Suppose someAtomic is an std::atomic with an integral underlying type, such as atomic_uint16_t. I don't want to assume WHICH integral type, however, in particular code, so I want something to accomplish the following, which right now doesn't compile:
if (newVal > numeric_limits<decltype(someAtomic)>::max()) throw "newVal too large";
else someAtomic.store(newVal, memory_order_release);
It looks like at least in VC++2015 there are no numeric_limits specializations for atomic types even if their underlying types do have such specializations. What's the best way to deal with this?
template<class T>
struct my_numeric_limits : std::numeric_limits<T>{};
template<class T>
struct my_numeric_limits<std::atomic<T>> : my_numeric_limits<T>{};
Then you can use my_numeric_limits<SomeAtomic>::max().

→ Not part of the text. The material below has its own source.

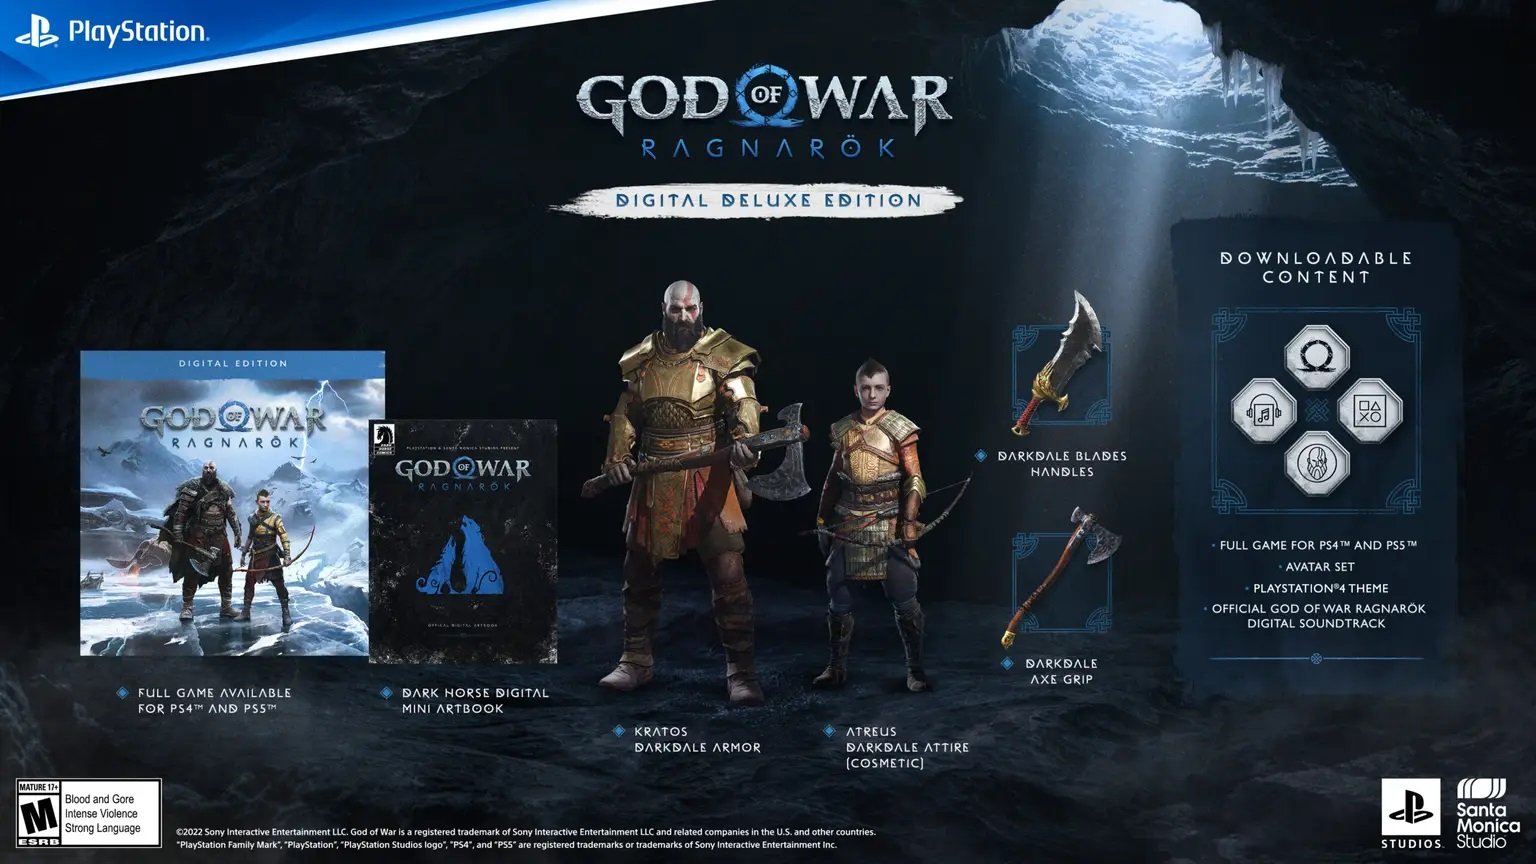 God Of War Ragnarok Graphics Modes For PS4 And PS5 Unveiled

This is less likely to violate (vague) parts of the standard than adding a specialization to std::numeric_limits that does not depend on a user-provided type. In C++11, there were requirements that you specialize over "user defined types", and I am uncertain if this has been resolved if std::atomic<int> is user-defined or not. I saw a fix proposal, but am uncertain if it went anywhere.
Regardless, this follows the principle of least surprise, and is just as efficient. Messing around with things in the std namespace should only be done when the alternatives are impractical.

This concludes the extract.